In Unsworth’s note, she includes a space for skeptics but not through questioning the realities of climate change. She puts forward that climate change skepticism should be scientifically based around “the speed and intensity of what will happen in the future” and henceforth the strategies governments should or shouldn’t use to combat it. This approach is more mindful of what deniers were trying to achieve in the first place – a global attitude of ‘let’s just do nothing’ and leave large corporations free to continue any industrial malpractice that accelerates the process to an unnatural rate.
This is not the shutting down of debate that deniers will no doubt claim it to be. In fact, it is quite the opposite. We are giving them a platform to express their hidden agenda. The truth behind deniers’ motivations has long been understated. To address climate change would be to admit that many of our most economically profitable practices in big business and our daily lives will have to change.
Yet to change the debate to address the very real issue, we have to invite those sitting on the fence to join the discussion. This would mean offering solutions to the problem that don’t require them to make significant changes to the way they live their lives. And that’s a good thing. The truth is, whilst the denying parties were busy trolling the scientifically sound truths about global warming, not much research was being done on addressing it. Ultimately, Unsworth is right; the media need to treat the existence of man-made climate change as a scientific truth as doing so would shift the focus of the debate entirely to engage all sides constructively once more. Scientists would receive funding from all sides of the political spectrum. This research would continue developing new, better, and cheaper solutions.

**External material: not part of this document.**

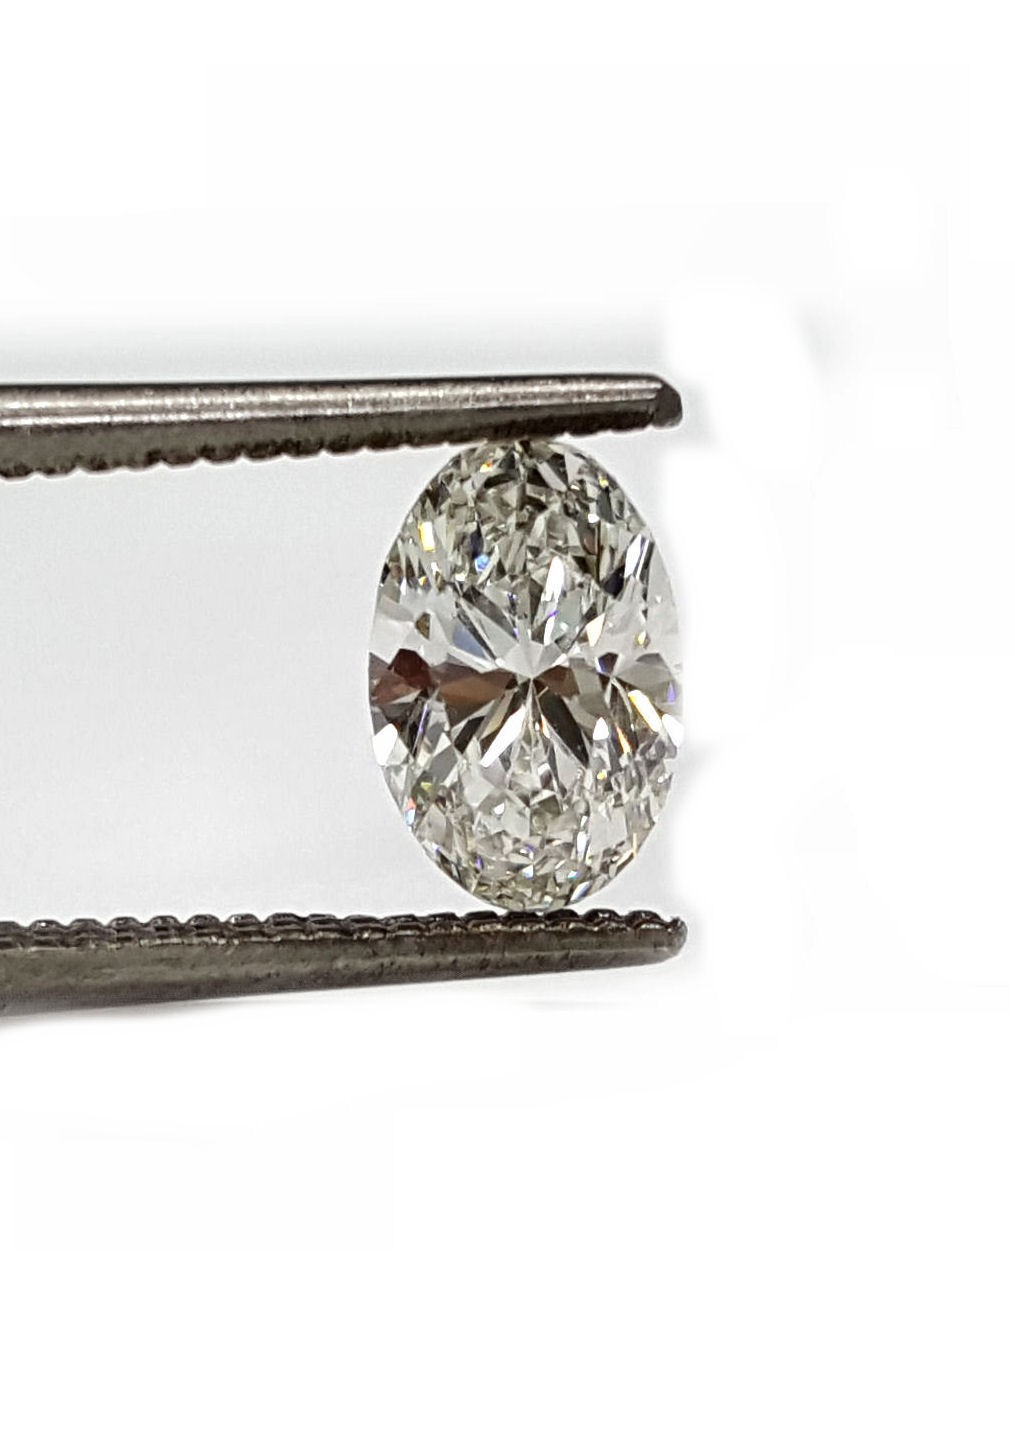 Oval diamond 74pts. K VS2 quality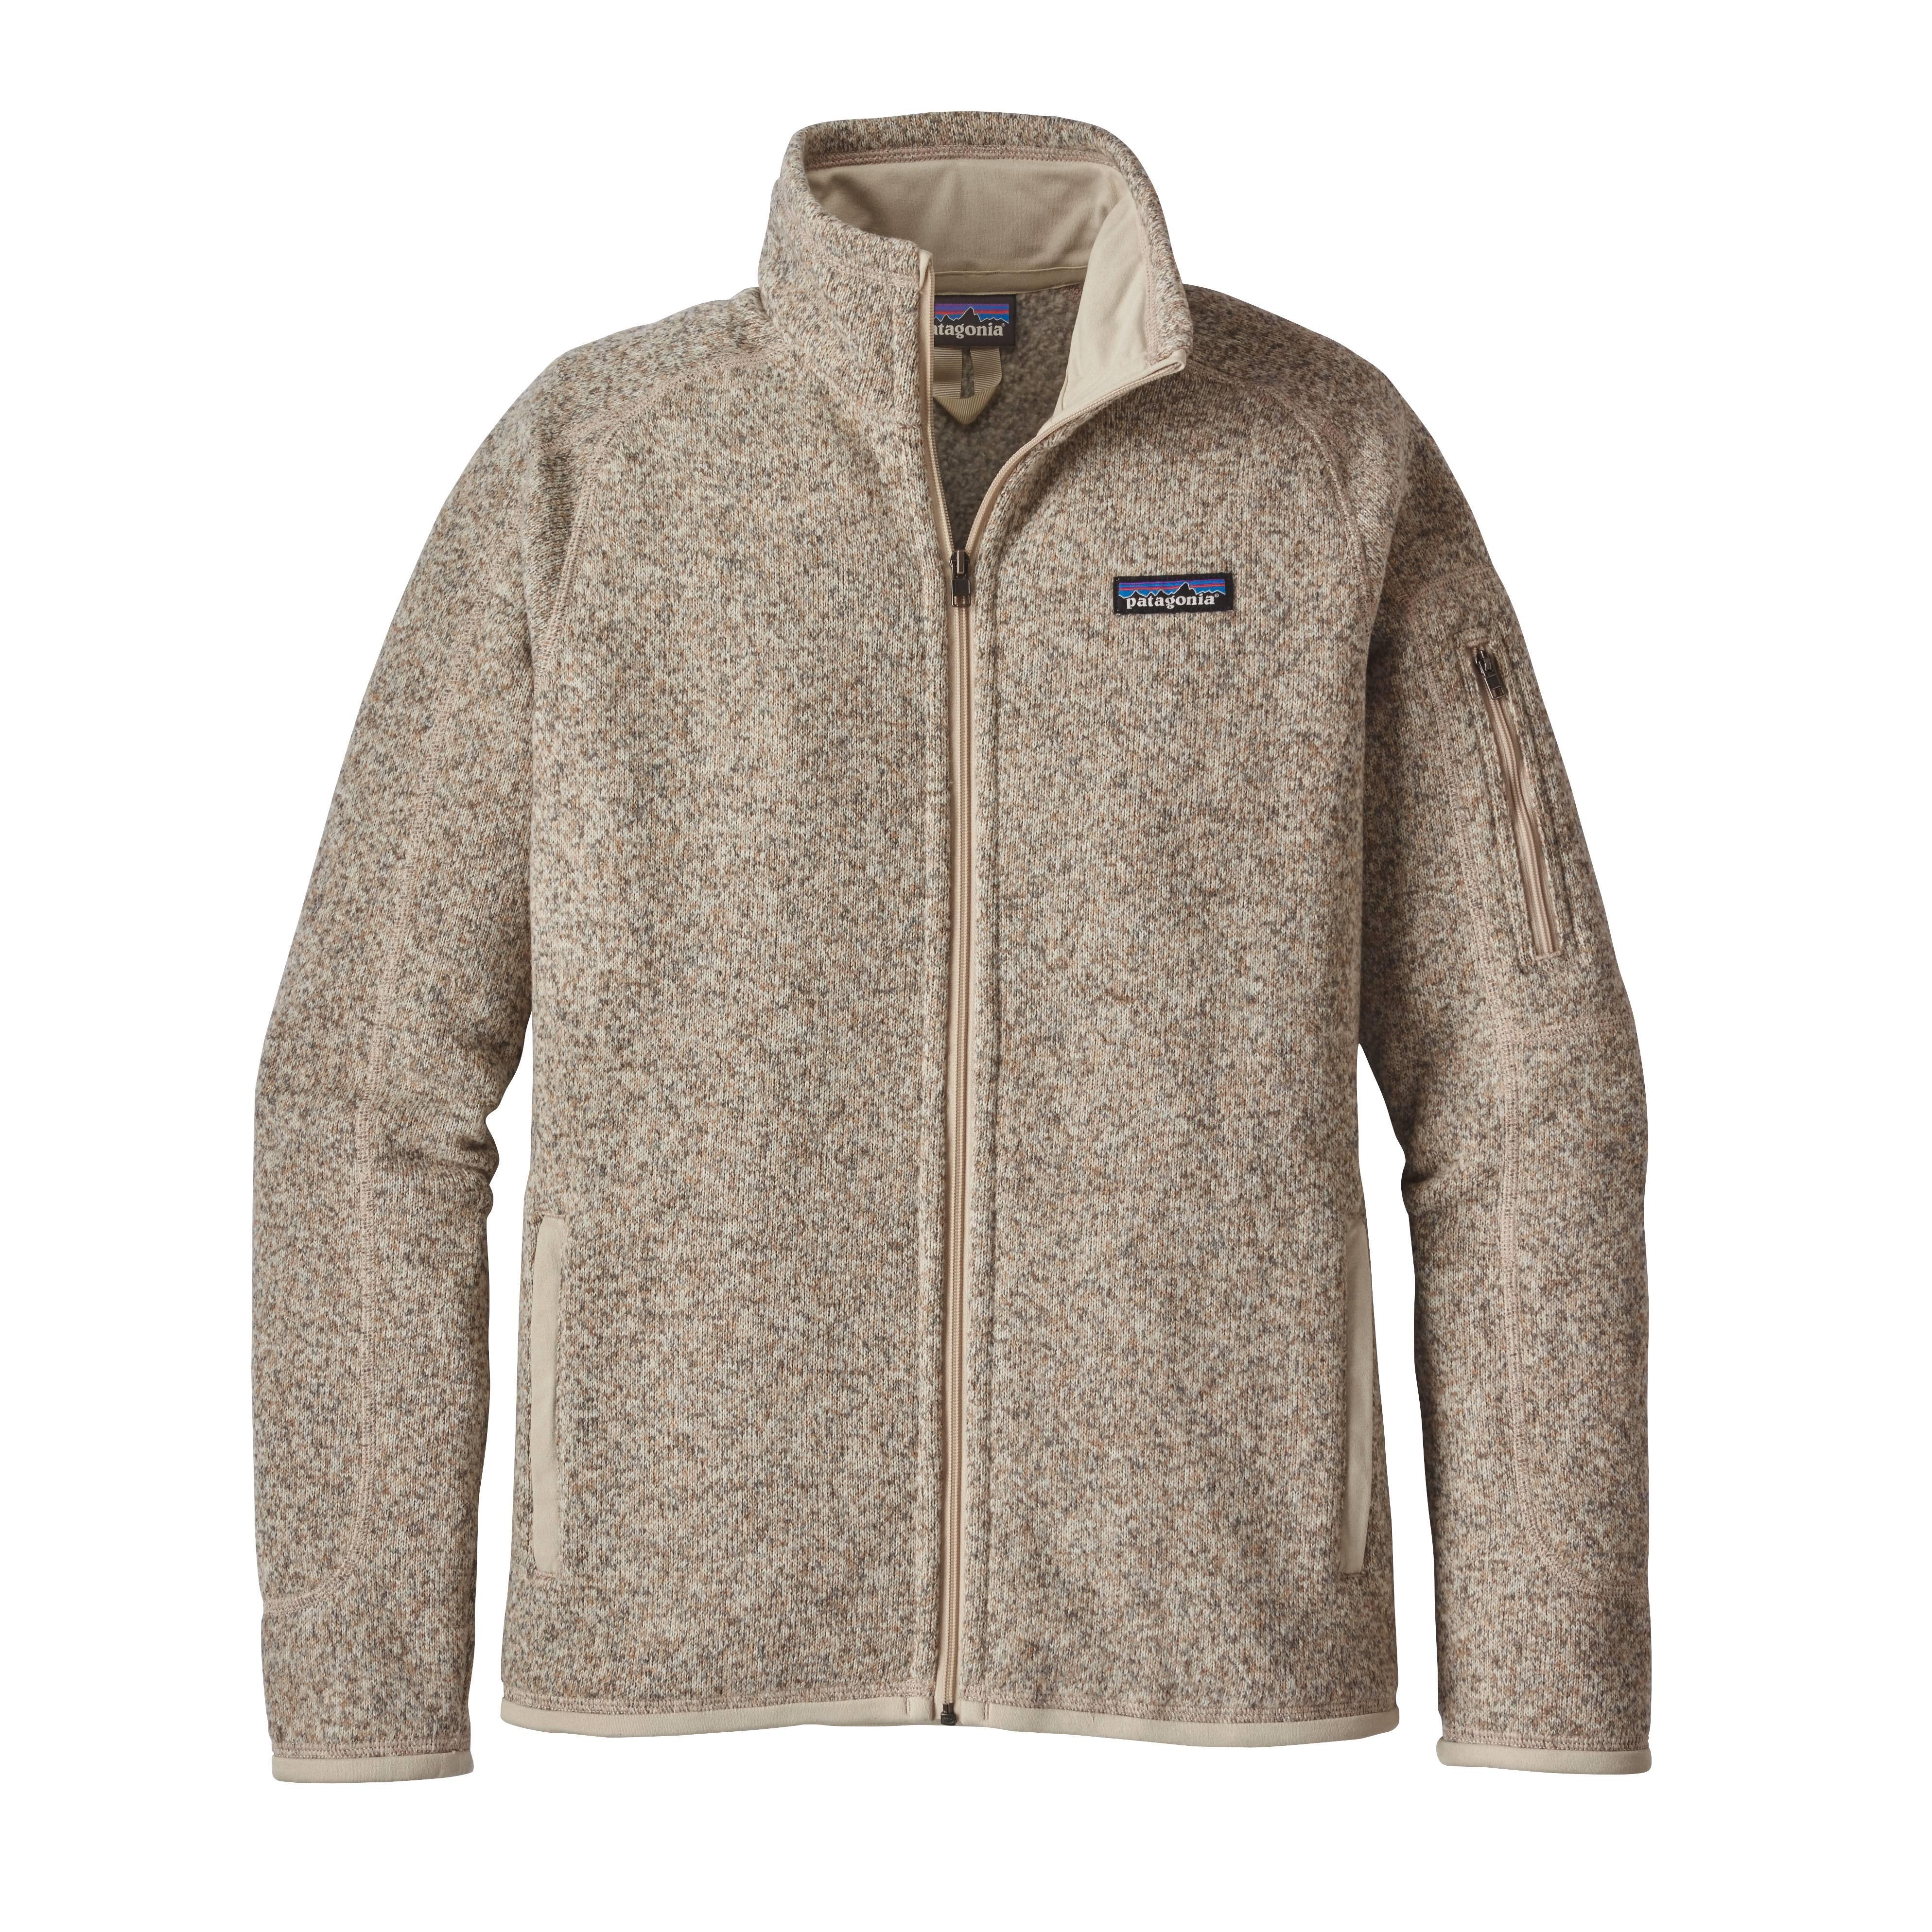 plcn 25542 Patagonia Better S Sweater Jacket W 7OTX0v

The overarching idea here is that with issues such as climate change, we need to establish a scientifically-grounded truth as quickly as possible, to allow us to all work towards solutions that protect the priorities of the whole political spectrum so that when the time arrives, we have multiple inexpensive solutions to choose from. Man-made climate change is a scientifically proven reality that we all live with and this is what media coverage needs to show. In the interest of the debate moving forward, the media must strike a balance concerning what can be done but also not spread doubt about a scientific phenomenon backed by a vast wealth of evidence.